Тревога передается и оператору — пленка застревает в кассете и в кульминационный момент кончается. Сгорает один диг. Мадис Картуль никого не оставляет в покое, он носится кругами, как грозовая туча, угрожает, чуть не с кулаками лезет на оператора. Вот тут-то Красаускас и сбрасывает с себя мундир, швыряет фуражку в объектив и заявляет, что с него довольно. Довольно, и все! Нет условий, постановщик сумасшедший, вчера всем дали первую получку, а ему нет.

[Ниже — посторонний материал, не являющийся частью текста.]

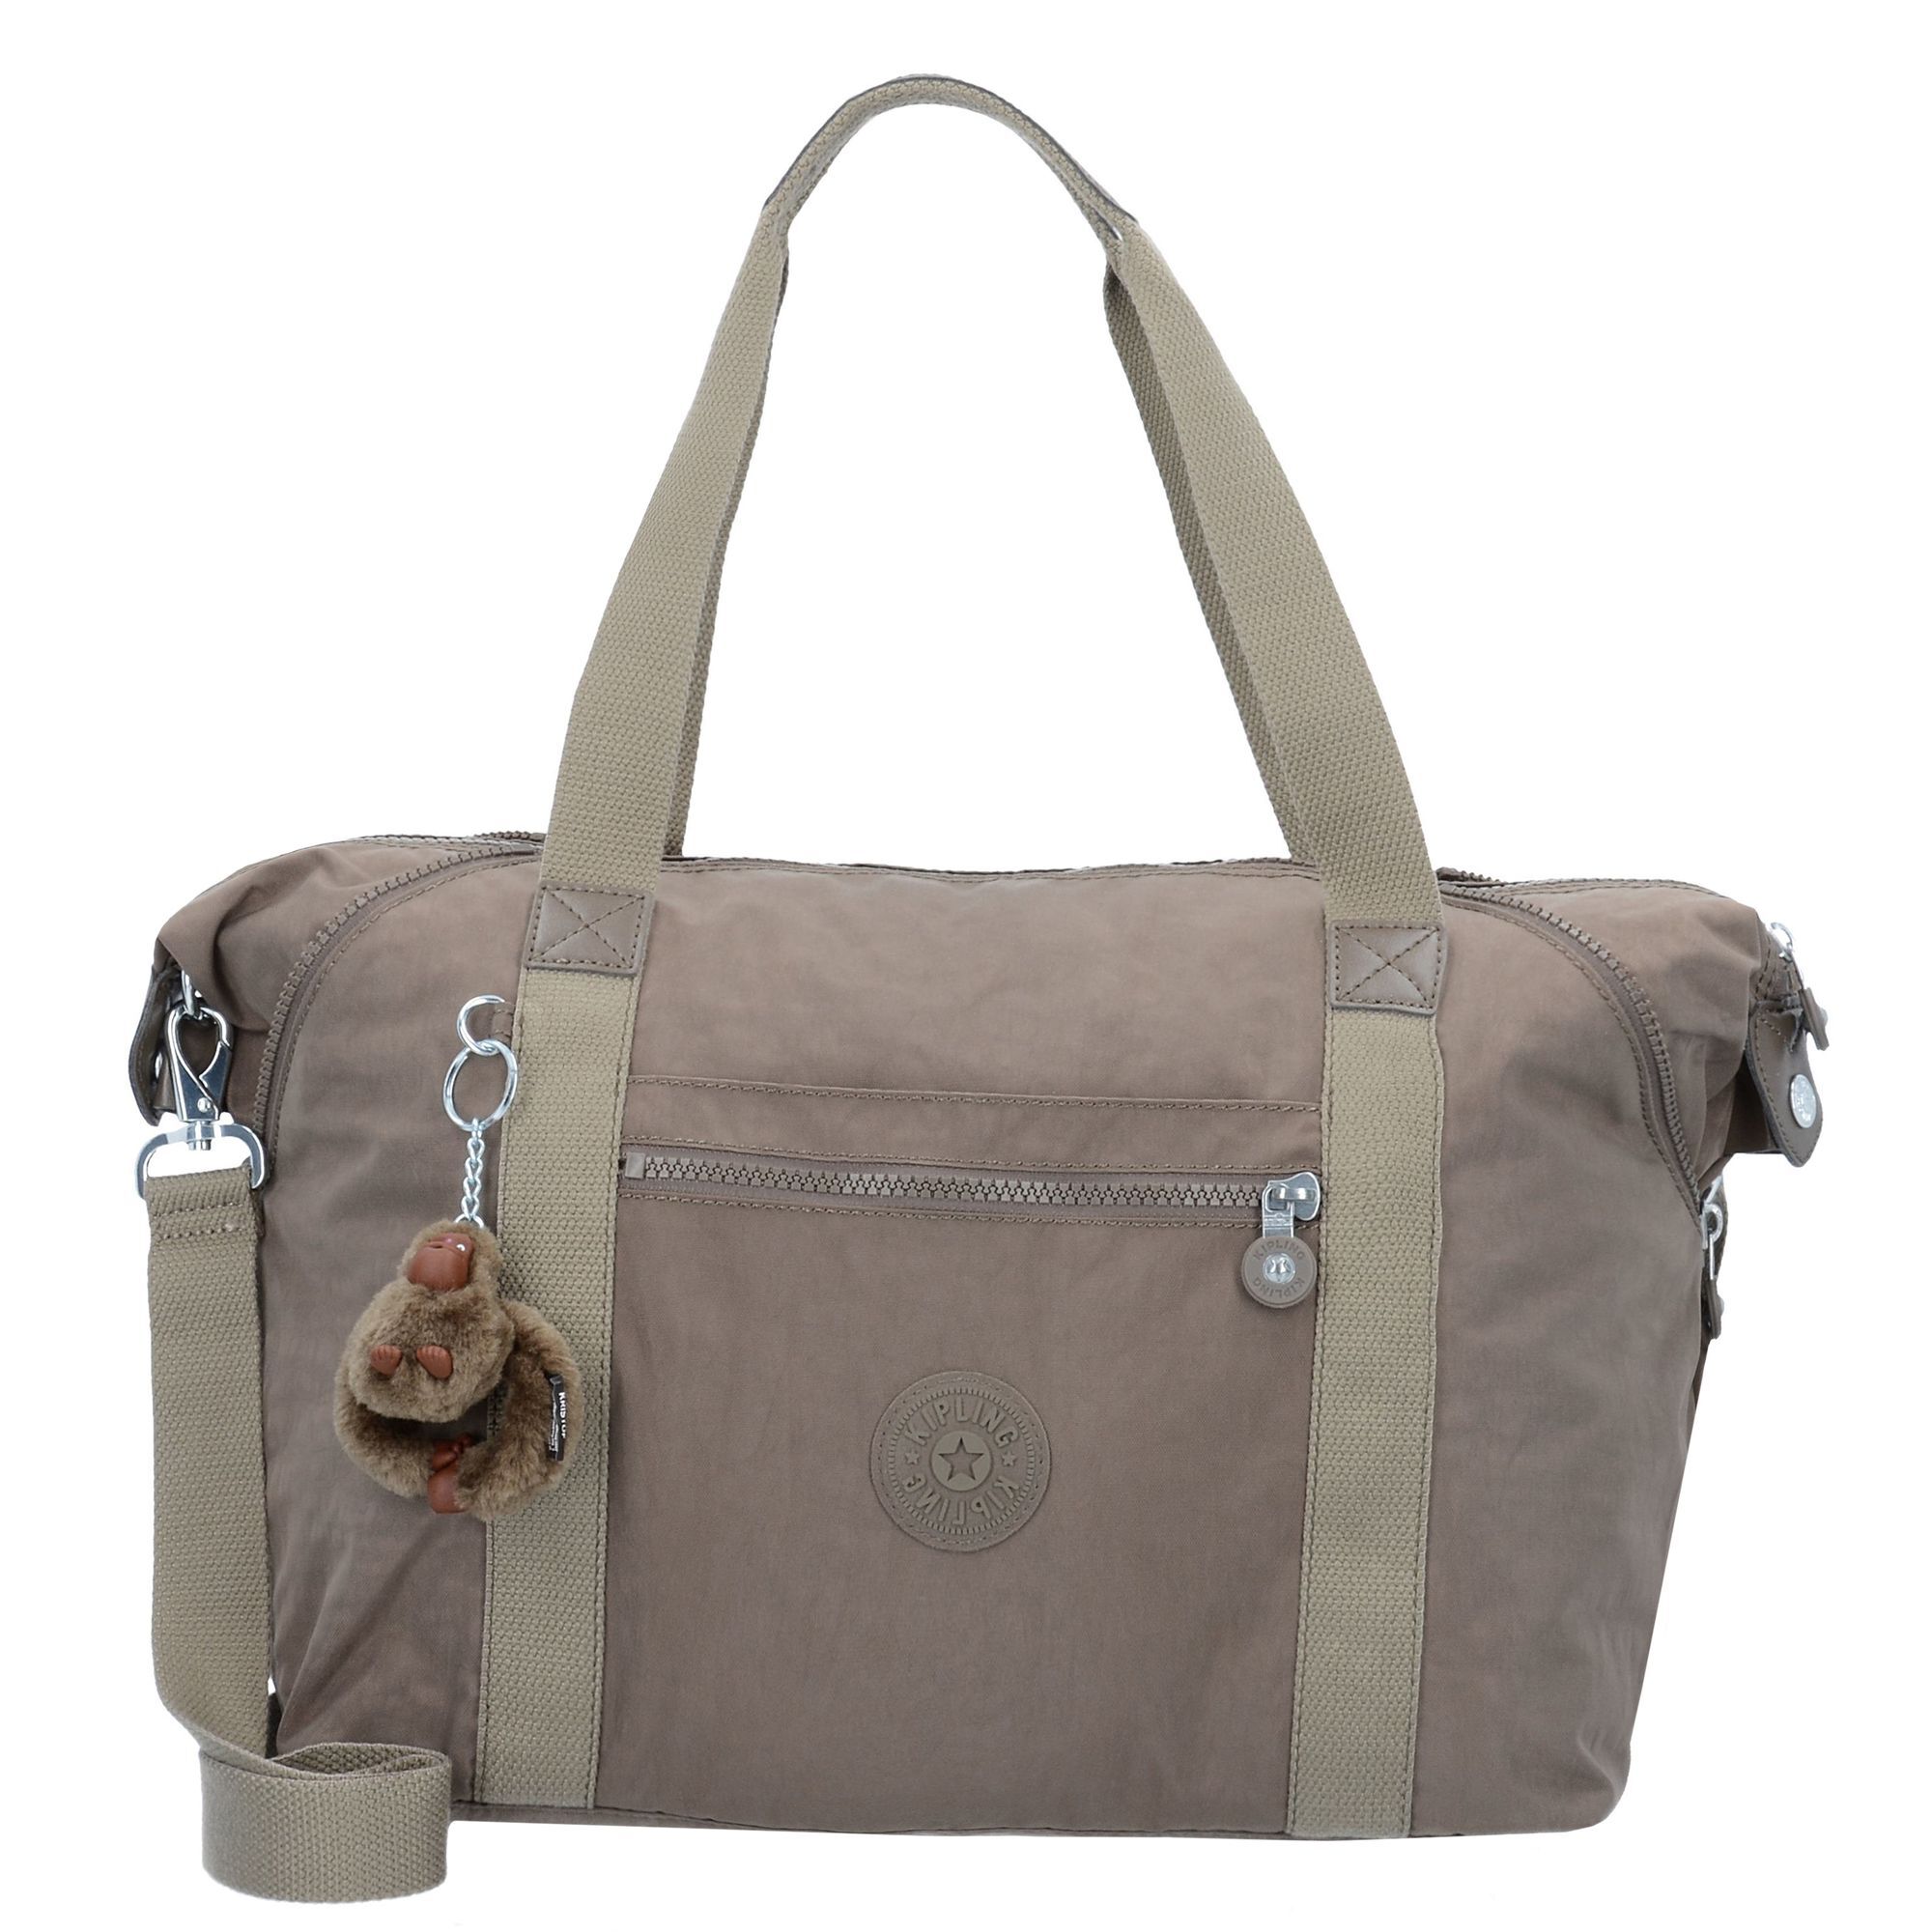 Сумка через плечо Kipling Classics Basic Art 35 cm, цвет true beige сумка k0132722x art mini basic handbag 22x true beige c

Мадис объявляет короткий перерыв и говорит, что, если через четверть часа работа не возобновится, он порвет с Красаускасом все отношения. «Не устраивайте истерик, даже подслеповатая бабушка помещика за километр увидит, что перед ней не офицер, а конокрад!»
Рейн тоже выходит из себя. Он пытается отозвать Мадиса в сторону, объяснить, что сегодня уже ничего путного ожидать не приходится, настроение испорчено. Вместо ста сорока метров пленки истратили тысячу четыреста, а толку чуть. Лучше бы он, Рейн, натуру снимал — деревья, дом, картины на стенах, то, что ему по должности положено. Хоть несколько полезных метров получили бы. Мадис Картуль бурчит что- то себе под нос. Здесь делают то и только то, что приказывает он, режиссер-постановщик. Все без исключения! И бунт надо подавлять в зародыше, иначе начнется вавилонское столпотворение.

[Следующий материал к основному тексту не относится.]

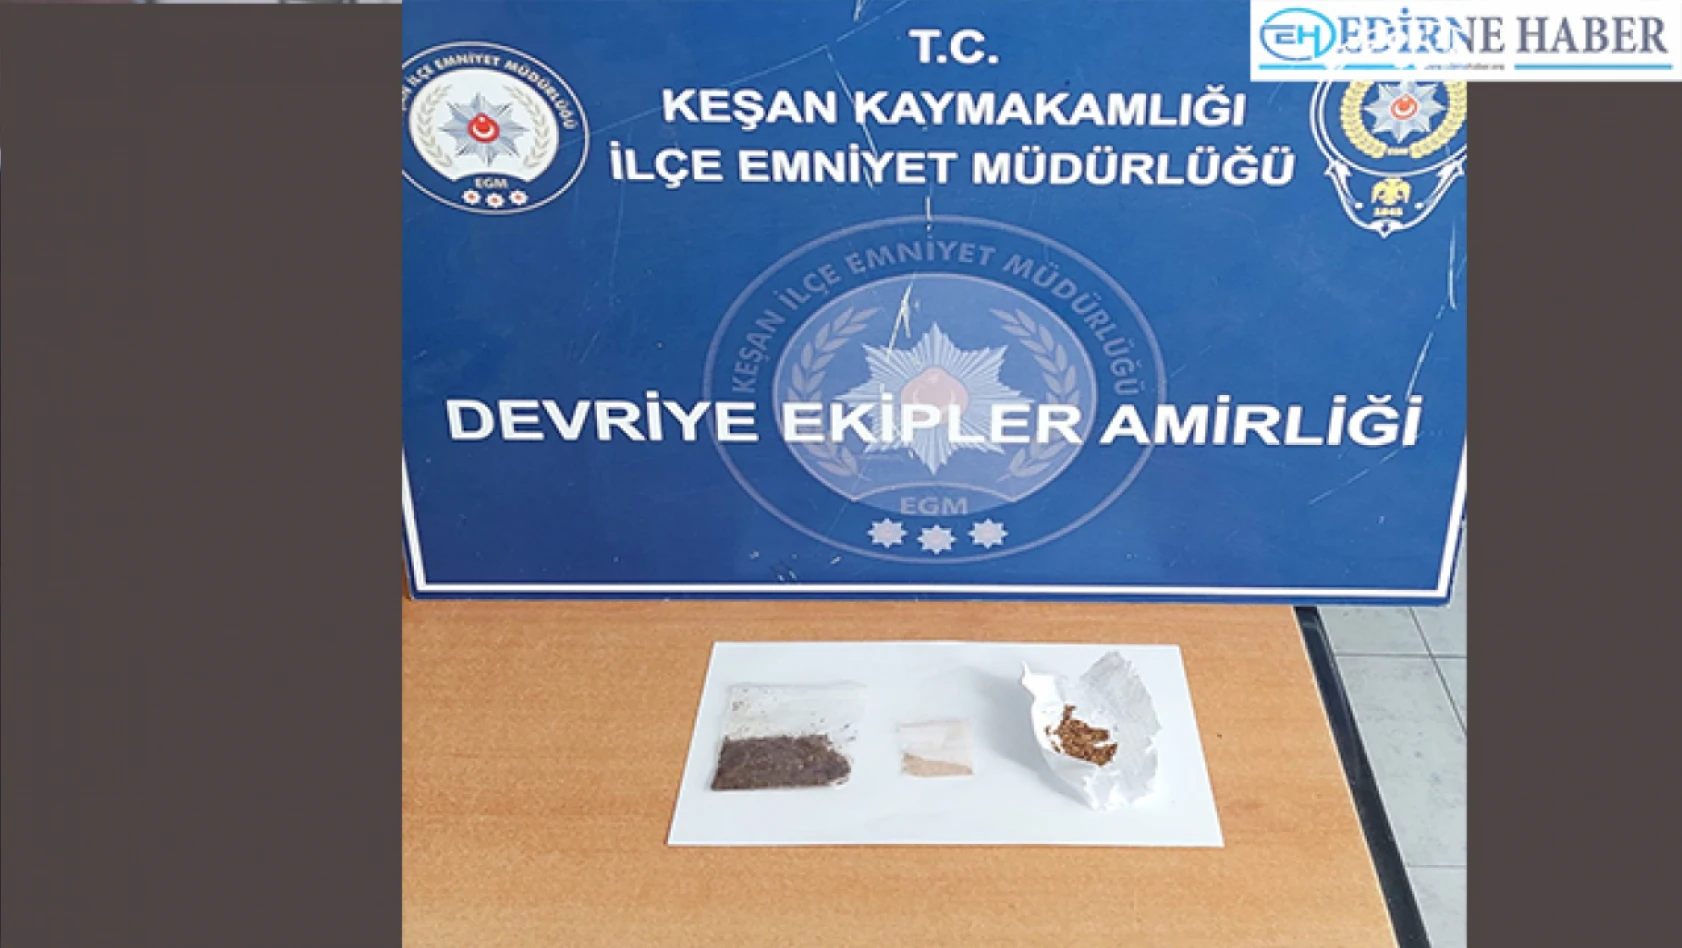 Edirne'nin Keşan ilçesinde uyuşturucu ticareti yaptıkları öne sürülen 5 şüpheli gözaltına alındı.

Мадис добивается своего. Красаускас впадает в странную апатию и подчиняется. Снимают еще шесть дублей. Всего тринадцать, число многозначительное. Разумеется, они ни к черту не годятся. Перерасход пленки катастрофический. В последних дублях Красаускас двигается как лунатик. Даже на конокрада, причем не в момент удачи, а стоящего под виселицей, не похож. Грим расплылся, измученный человечек стал смахивать на усатую крысу, угодившую в капкан.
Работа заканчивается в гробовом молчании. После тринадцатого дубля Мадис Картуль вдруг вежливо произносит: «Благодарю вас. На сегодня закончили!»

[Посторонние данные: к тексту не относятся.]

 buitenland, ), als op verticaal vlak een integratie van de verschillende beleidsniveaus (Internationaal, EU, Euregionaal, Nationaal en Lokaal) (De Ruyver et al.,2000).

Домой едут молча. Прибыв в гостиницу, Красаускас демонстративно сворачивает в бар, Мадис Картуль, почти абсолютный трезвенник, улыбаясь, идет следом и садится рядом на высокий табурет.
И, смотри-ка, чудеса: заказывает томатный сок и сто пятьдесят граммов коньяка. Пожалуйста, двойную порцию в один бокал. И этот бокал пододвигается актеру. По-видимому, мне дают расчет, усмехаясь, думает Красаускас. Ну и ладно, наплевать! Но за потерянные дни он потребует кроме оплаты по высшей ставке еще и компенсацию за необоснованное расторжение договора. Kurat![4] Наконец-то уеду отсюда, думает он, потягивая коньяк. Kuradi kurat![5] Хоть какой-то прок в том, что он запомнил это трескучее эстонское ругательство, которое, правда, сами эстонцы употребляют часто, но совершенно некстати. Kuradi kuradi kurat!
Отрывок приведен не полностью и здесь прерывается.